_Task instructions_. Exact reproduction of all the data is required, with pictures excluded.

*** Available data Section Begins ***

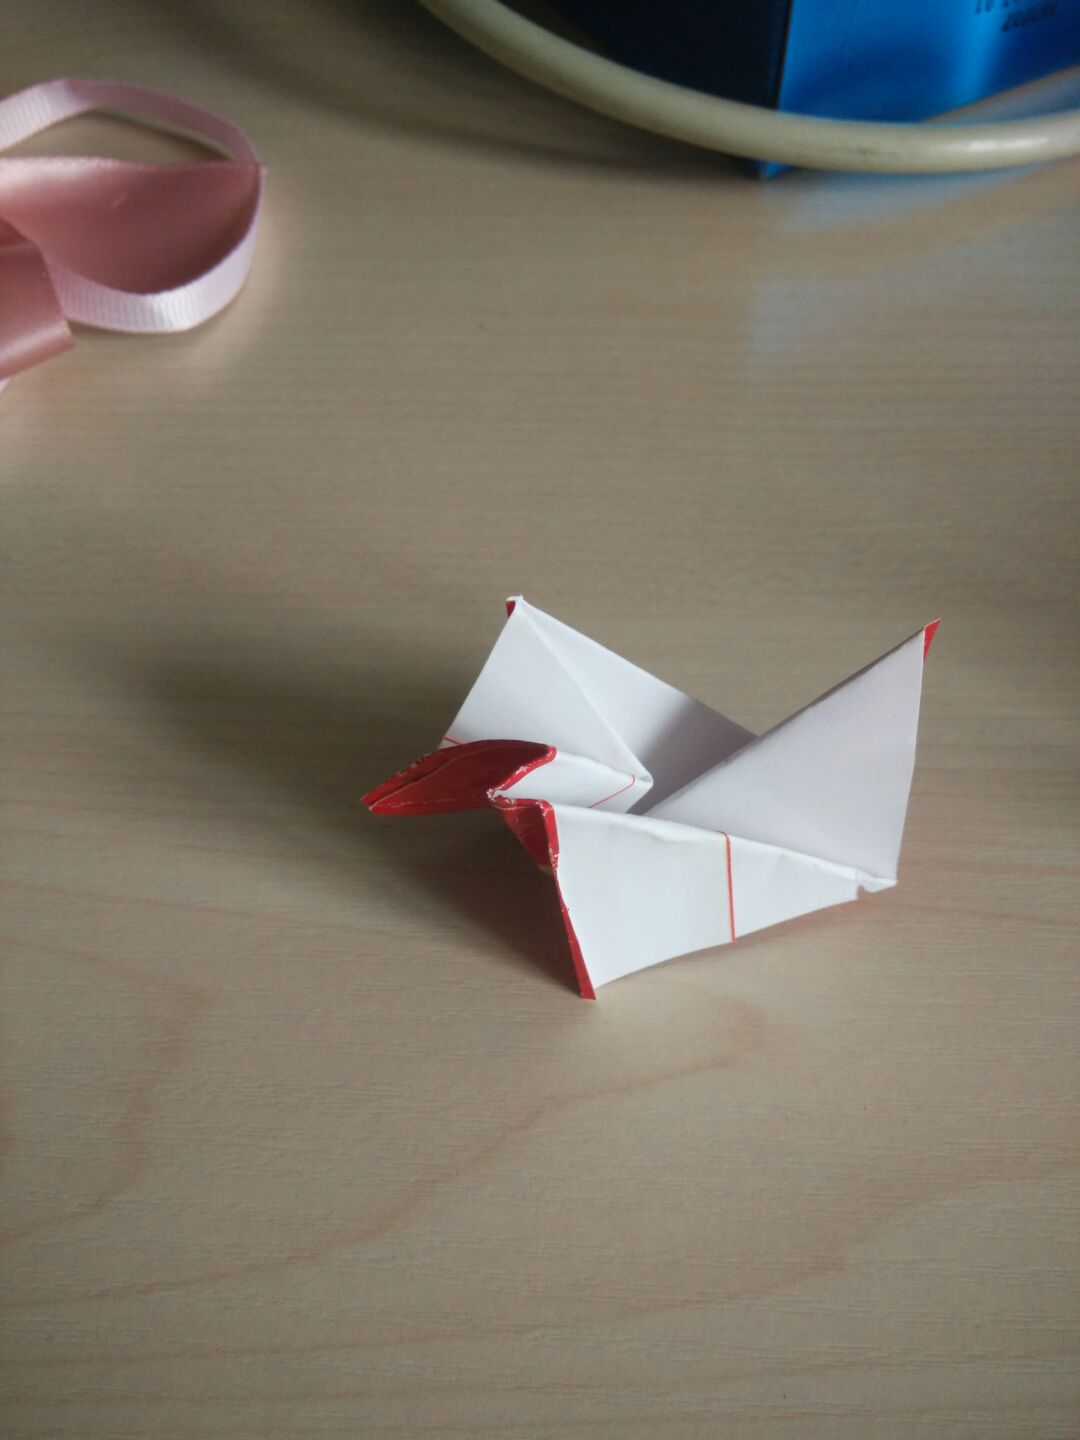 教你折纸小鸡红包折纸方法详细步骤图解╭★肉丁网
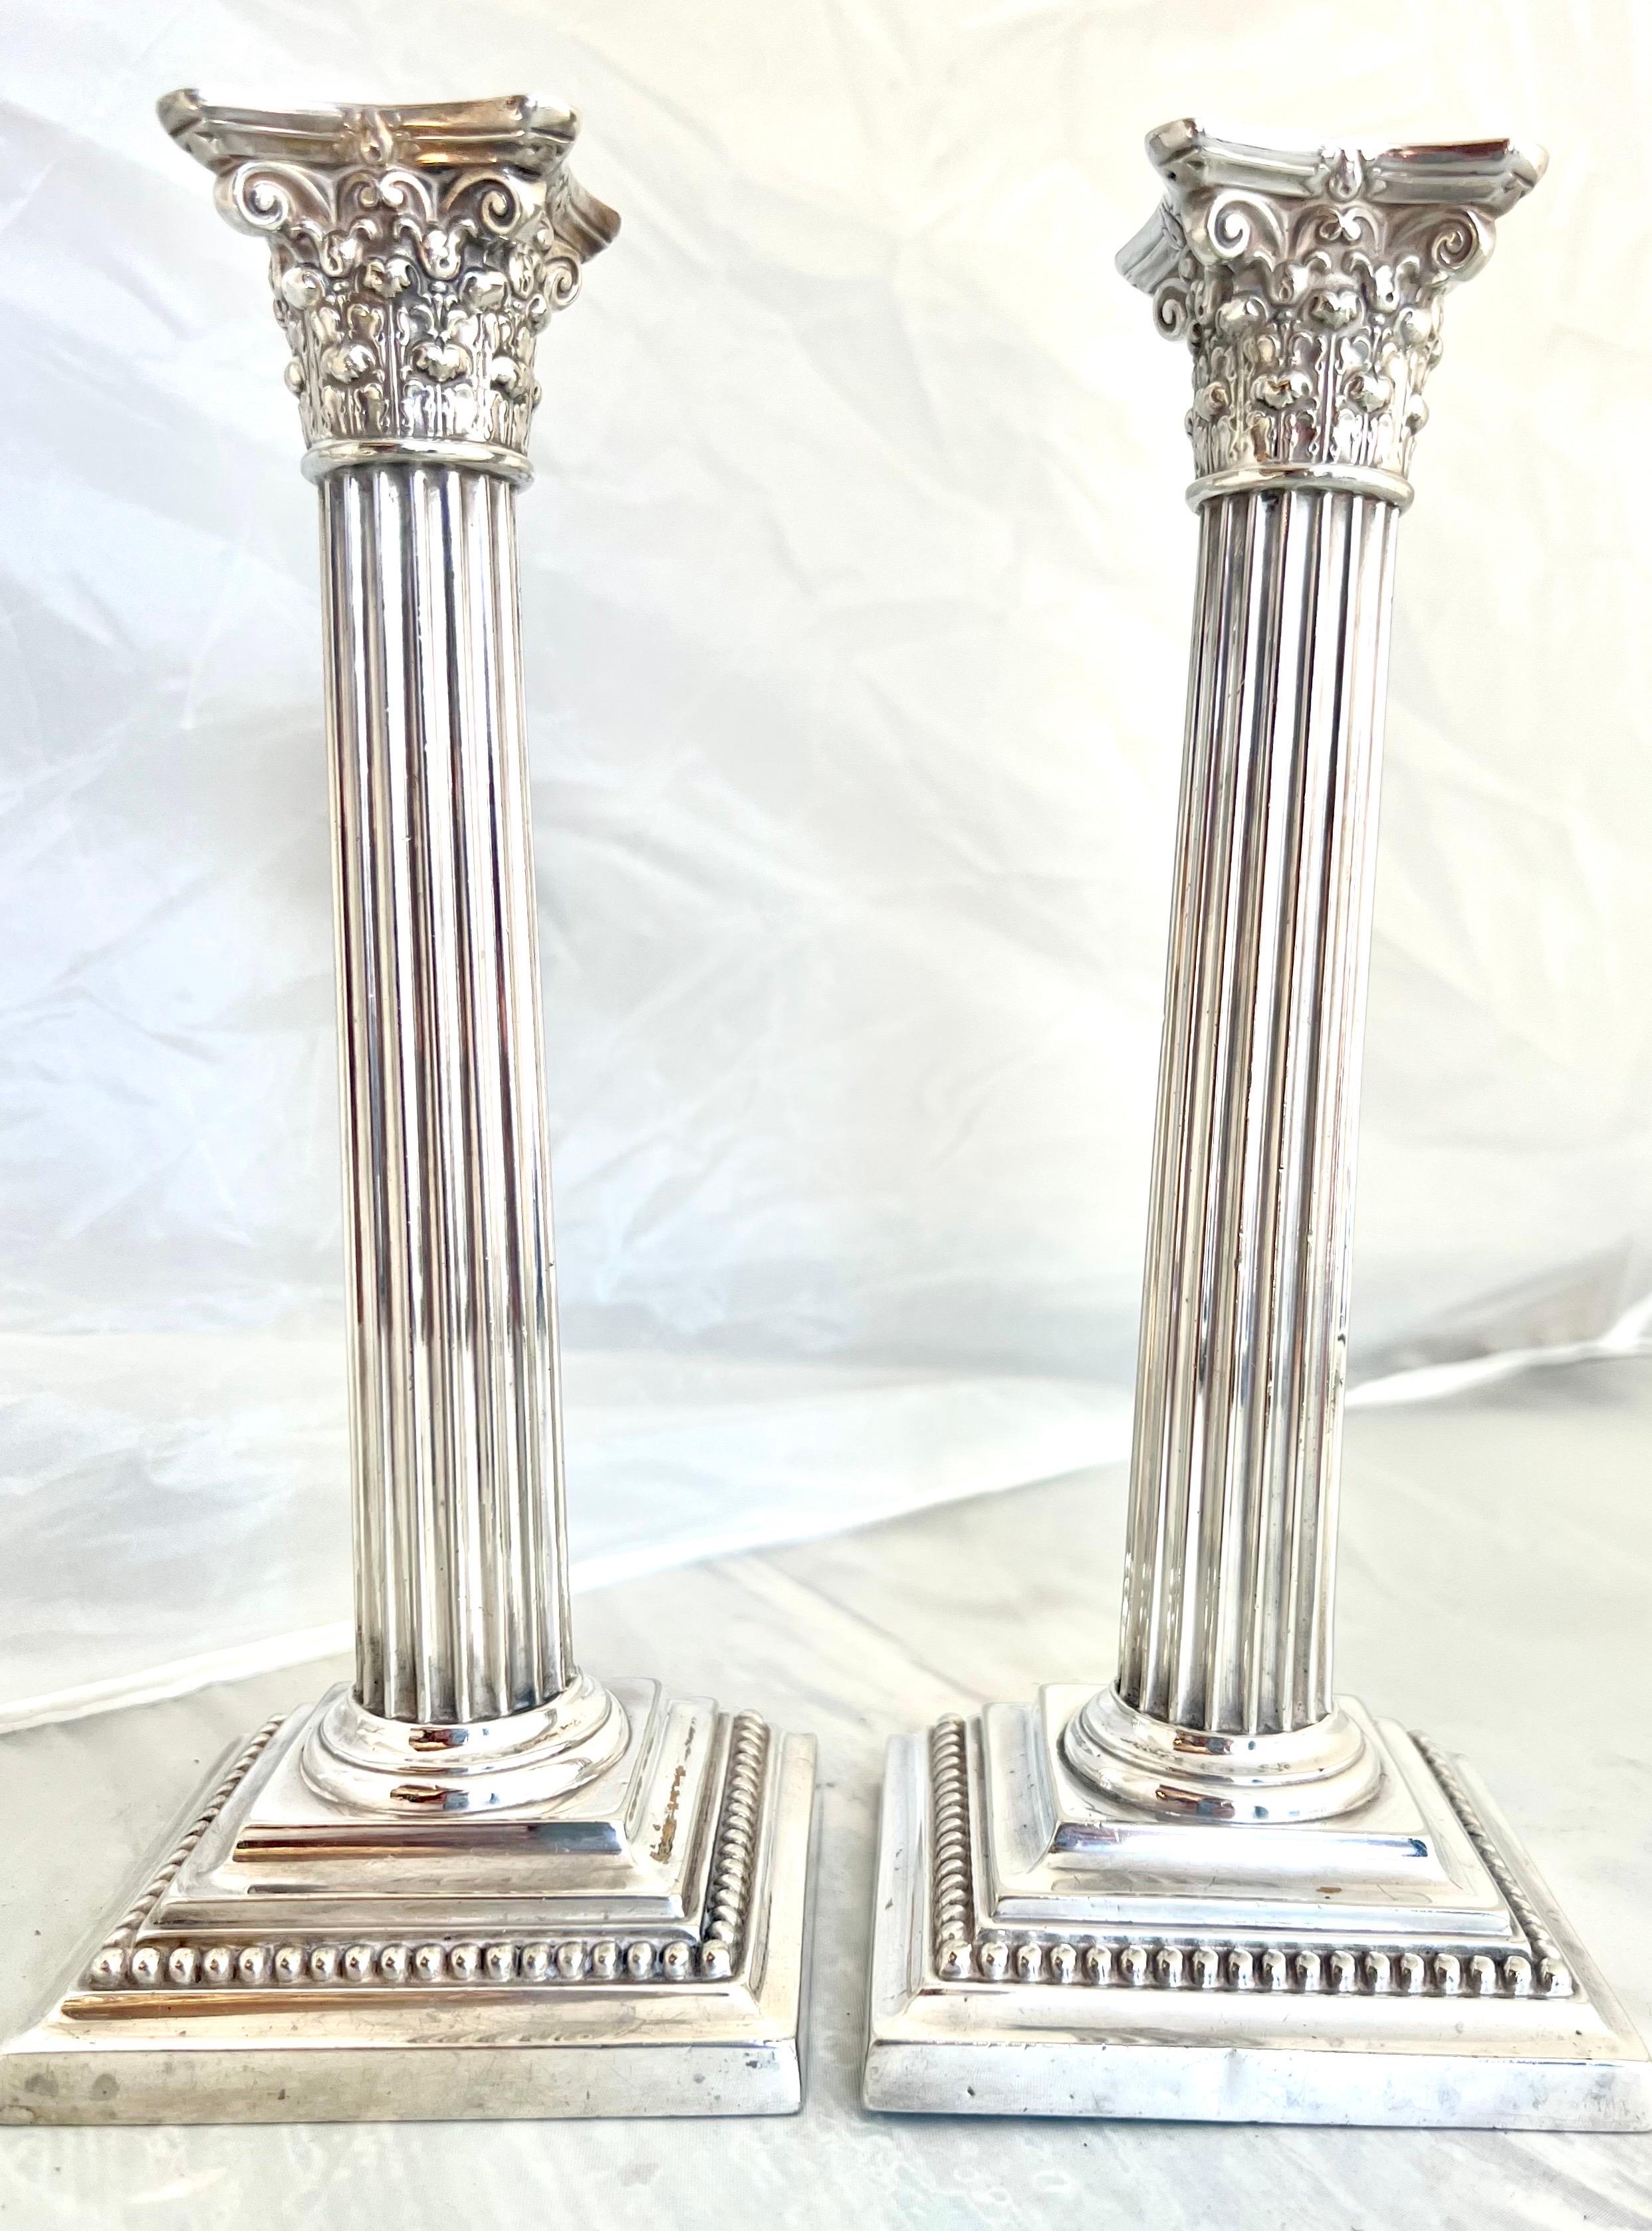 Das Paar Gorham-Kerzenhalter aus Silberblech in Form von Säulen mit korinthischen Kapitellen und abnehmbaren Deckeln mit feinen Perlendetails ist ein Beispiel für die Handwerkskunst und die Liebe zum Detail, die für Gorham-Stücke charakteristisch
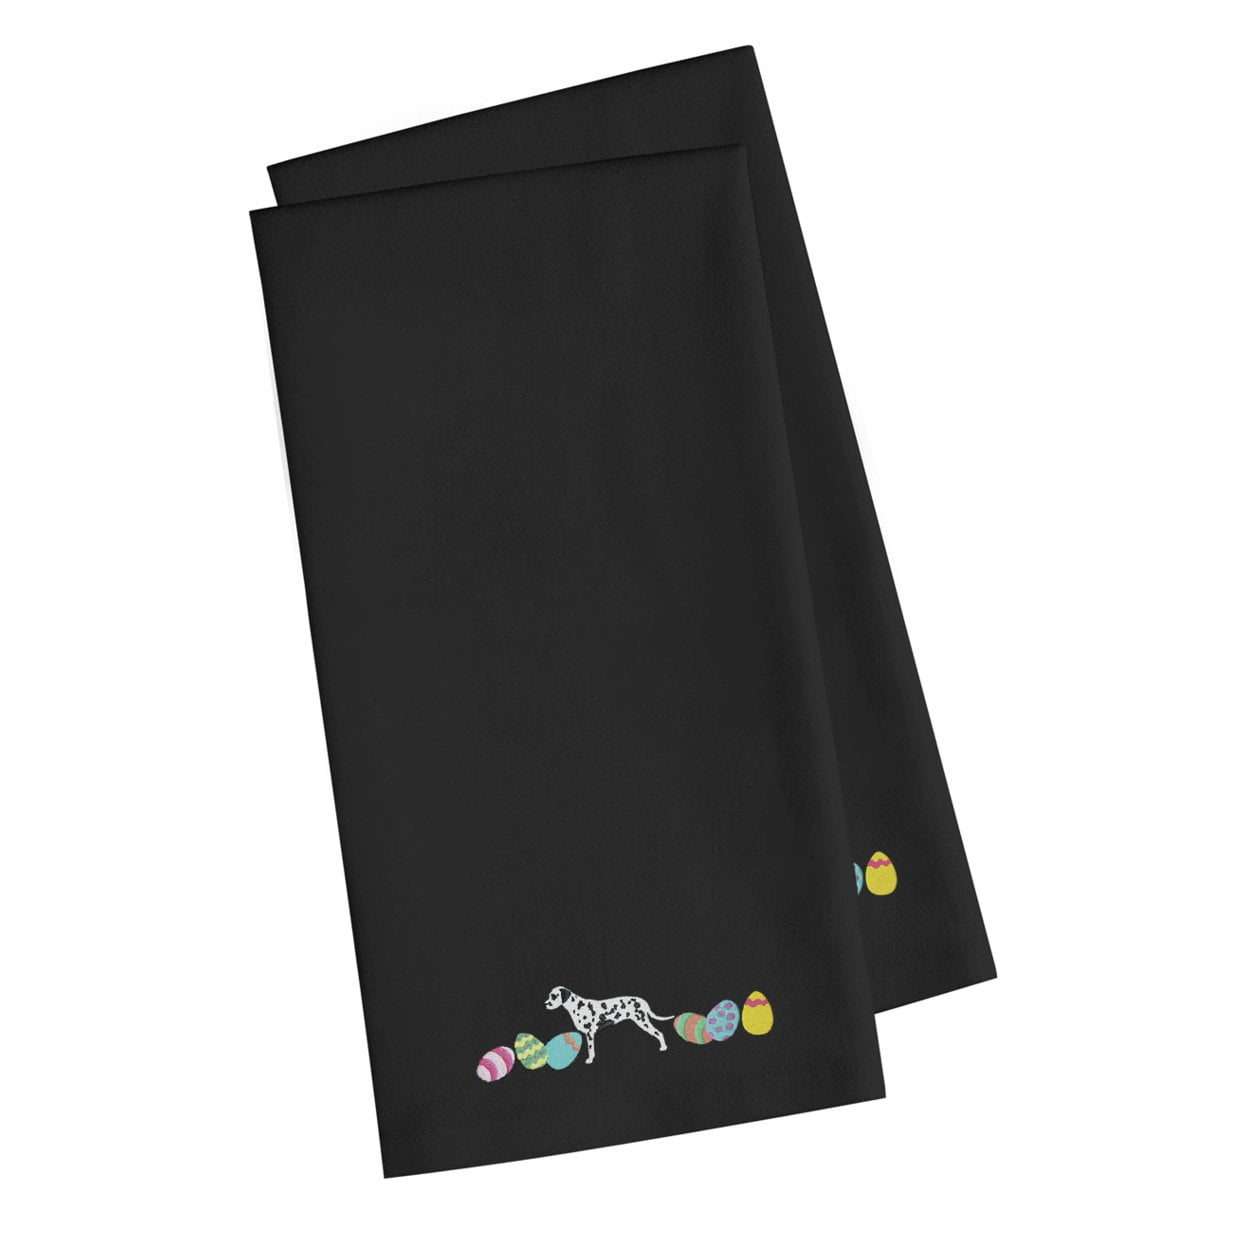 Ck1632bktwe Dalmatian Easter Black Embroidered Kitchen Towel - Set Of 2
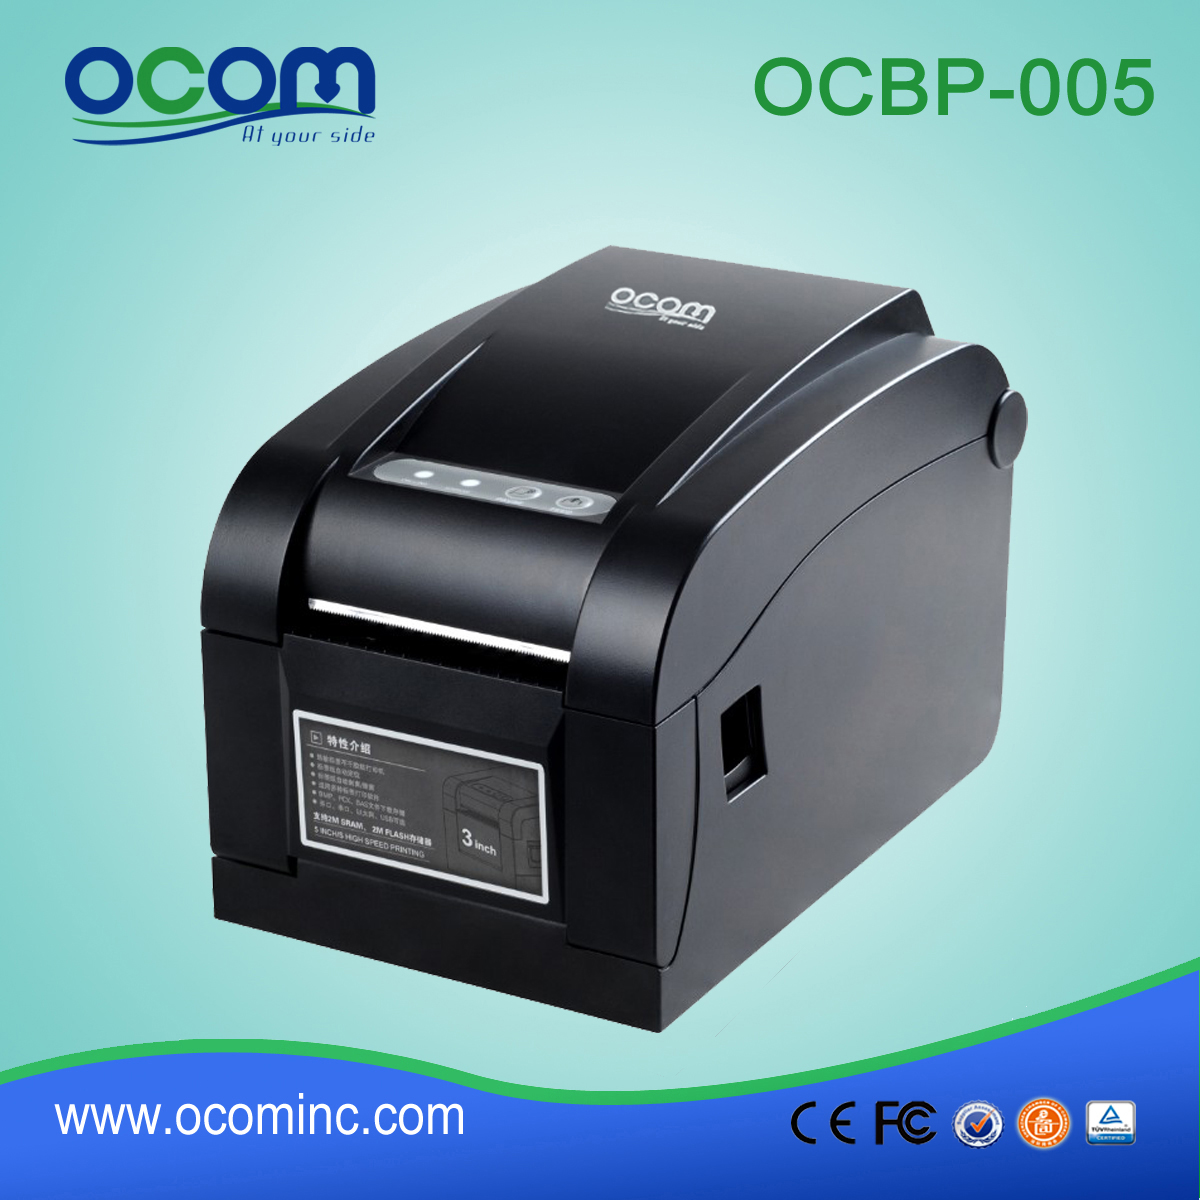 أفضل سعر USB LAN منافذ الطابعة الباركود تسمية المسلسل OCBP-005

*** Available data Section Ends ***

_Response below_.
 教你折纸小鸡红包折纸方法详细步骤图解╭★肉丁网
 Das Paar Gorham-Kerzenhalter aus Silberblech in Form von Säulen mit korinthischen Kapitellen und abnehmbaren Deckeln mit feinen Perlendetails ist ein Beispiel für die Handwerkskunst und die Liebe zum Detail, die für Gorham-Stücke charakteristisch
 Ck1632bktwe Dalmatian Easter Black Embroidered Kitchen Towel - Set Of 2
 أفضل سعر USB LAN منافذ الطابعة الباركود تسمية المسلسل OCBP-005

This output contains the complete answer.